Looking at the wacky glam fashion Oddly and Pill sport in the psychedelic video (is that a maxi skirt made entirely of thongs?), you may feel like you've eaten a few ’shrooms yourself.
Those who watched Oddly win the crown on Drag Race will recognize one very special cameo in the music video: her ridiculously handsome father, lovingly nicknamed "Zaddy Oddly" by fans after he was shown at the Drag Race season eleven finale.
"It was something that I've been dreaming about ever since I got such a crazy-ass reaction from the fans to my dad at the finale. I was like, 'I'm gonna keep my dad in my back pocket,'" Oddly says of including him in the "Sick Bitch" video.
Zaddy is seen in the video bottle-feeding an overgrown baby Oddly, grooving to the music, and even spanking Pill.
"I was nervous to ask him, of course, because I wanted it to be radical. I wanted to make people uncomfortable," Oddly explains. "But I also wanted to show how dope it has been for me to have supportive figures in my life, even if they don't fully understand all of the weird shit that's going on with me at any given moment. As many challenges as lockdown has presented, it has also presented me with opportunities like being able to actually see and talk to my father, be in the same city as him, and ask him if he would like to do something crazy."
Filming music videos during a pandemic is certainly a challenge, but because of the surge of digital performances in the last year, Oddly had already developed many of the necessary skills to create visuals for Drag Trap.

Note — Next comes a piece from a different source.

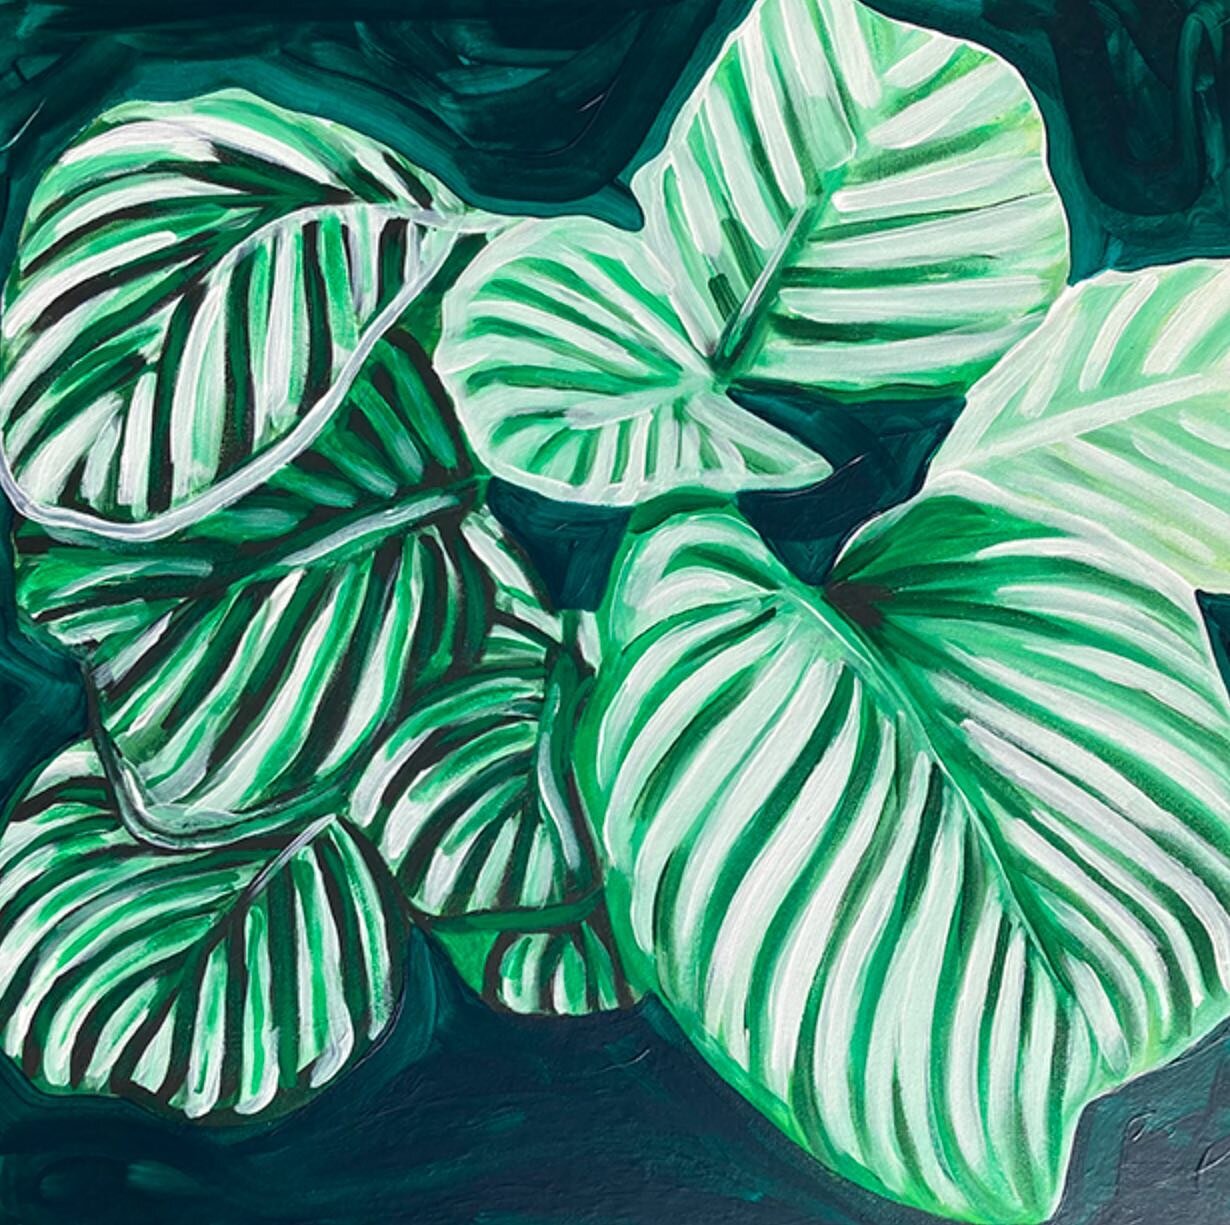 Happy Saturday! Today we&rsquo;re sharing &lsquo;Calathea&rsquo; @annie_pritchard_art ✨Now available under - Autumn exhibition in our online store 😍 

@annie_pritchard_art is an incredibly talented acrylic artist from Canberra! Annie&rsquo;s vibrant

"At first digital drag was really invigorating for me," she says. "It was fun to get to experiment with this new art
form. But if I'm going to put in all this time learning to set up lights and build sets and edit videos, I really wanted it to be my own artistic experience. It's been a learning process."
Her "Watermelon Bubblegum" video was filmed entirely in her living room, using three different sets she built herself that have now just become part of her decor. But when it came to "Sick Bitch," in particular, wanted to channel the nightclub atmosphere that had practically gone extinct during lockdown.
"I've worked with so many different bars around the city, and with us all having so many restrictions, I know my community has been suffering," she says. "I know people are itching to get back out and be in vibrant nightclubs again, so that's definitely been a theme throughout my videos. And when X Bar told me they'd let me use their super-trippy upstairs space, I was like, 'This video is going to be next-level.'"
The "Sick Bitch" video is streaming on YouTube now. Drag Trap is available on all music platforms.